Monday, April 25, 2011

Belz provides a lovely, poetic thhhppppptttt

Originally printed January 28, 2011.

There's a childlike forthrightness at the heart of Aaron Belz's poetry.

Throughout his new collection, "Lovely, Raspberry" (Persea Books, 2010), Belz's poetic narrators prove to be simultaneously innocent and defiant. They each seem to be able to stick out their tongue at readers and offer the most eloquent and euphoric raspberry ("thhhppppptttt") the poet can muster.

Rather than discuss love-hate relationships, one of Belz's poetic personas ruminates on "the love-hat relationship." And what looks like a simple spelling mistake suddenly becomes a serious/satiric poetic conceit in which Belz offers the sage/silly advice: "We all enjoy hats, / but they're not something to build an entire relationship on."

Belz seems determined to thwart all of his readers' expectations.

"You expect me to tell you about the interior of the room / in which I'm typing this, and connect that to my feeling," Belz writes at the beginning of the opening poem, "direction." "But I'd rather tell you about the interior of your room / and use that as a symbol for something less abstract."

Belz takes clichés, such as "reinventing the wheel," twists them and tries to rediscover the original poetry that the outworn phrase must have possessed when first uttered generations ago.

"I tried to reinvent the wheel," he writes, "and it was fun, / because I did.
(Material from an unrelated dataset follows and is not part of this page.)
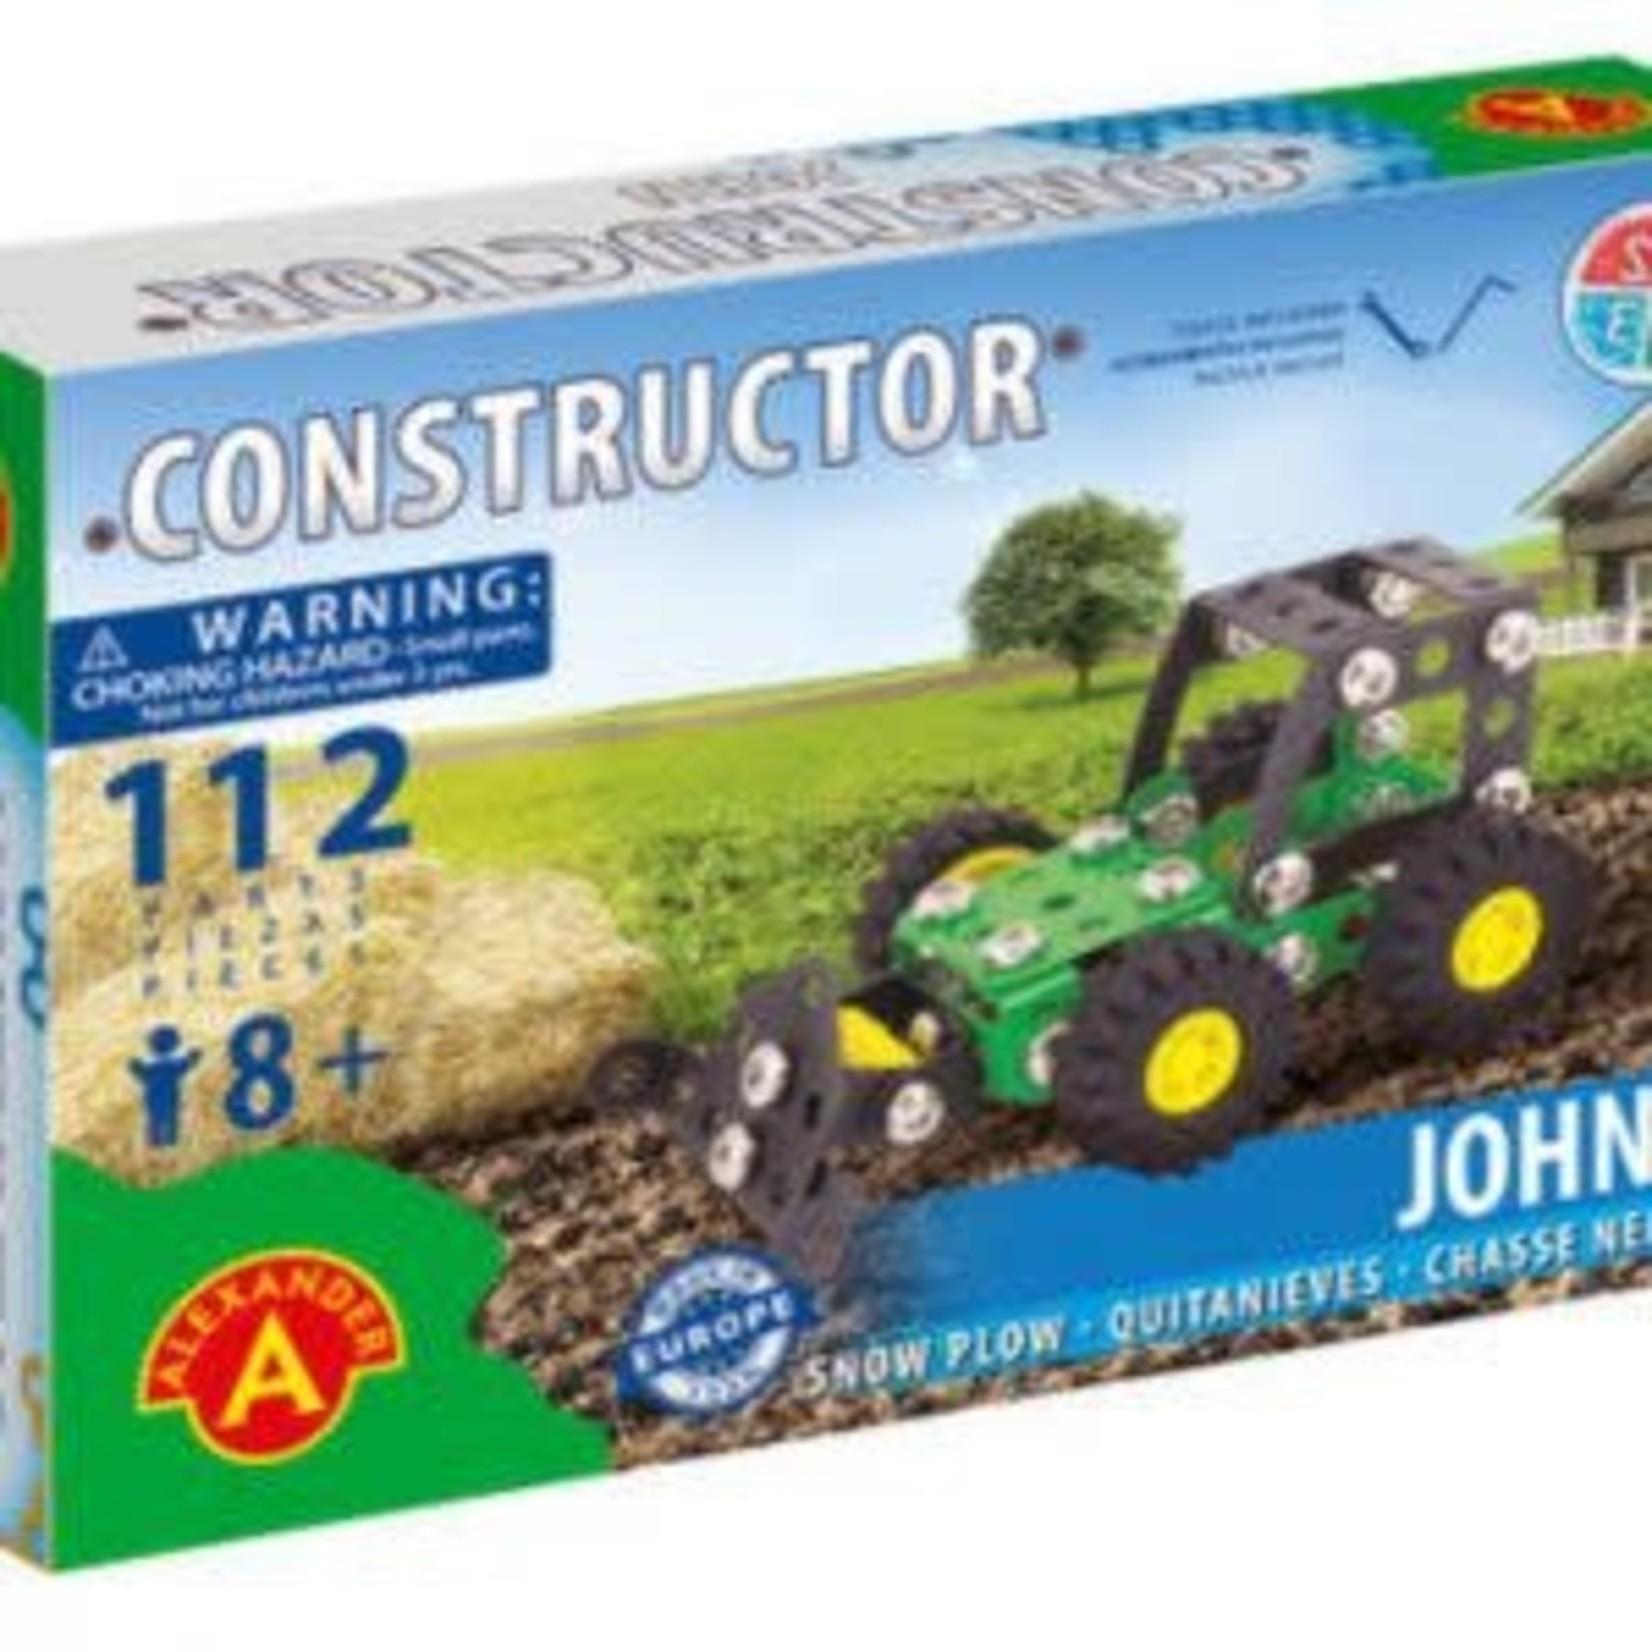 Alexander Constructor John Snow Plow

It came out better than before, / rounder, quicker, and with less friction."

Or, as he explains more directly in the poem "privacy": "When every word sounds cliché, / each turn of phrase derivative, / that's when I turn to slapstick / and boorish sexual innuendo."

Of course, Belz's wide-eyed, child-like personas also inhabit a very grown-up world. They are able to quote with ease from T.S. Eliot and Aleksandr Solzhenitsyn. And they somehow manage to strike up conversations with historical figures such as former Vice President Al Gore (who gets asks "about the muse"), Objectivist poet Charles Reznikoff (whose yard get tilled) and late movie star Katharine Hepburn (who gives a rain check for a sexual encounter).

But Belz offers something more than just scattershot bursts of aphoristic wit. Throughout the collection he walks with readers along a dream-filled landscape. His images -- both within poems and between poems -- shift through a process of association that's remarkably close to how 4-year-olds, lost in the details of their own story, interrupt themselves as they effortlessly and intuitively break all the story-telling rules.

"Why did the elk, deer, chipmunks, coyote, sea stars, orca whale, sea lions, newt, weasel, and many different kinds of birds cross the street?" Belz asks in "five beginnings of jokes."

And -- just like the 4-year-old -- he never gets around to giving an answer. He just asks more and more questions.

Belz will be available to give -- or to receive -- a raspberry in person at 7 p.m. today at Prairie Lights Books.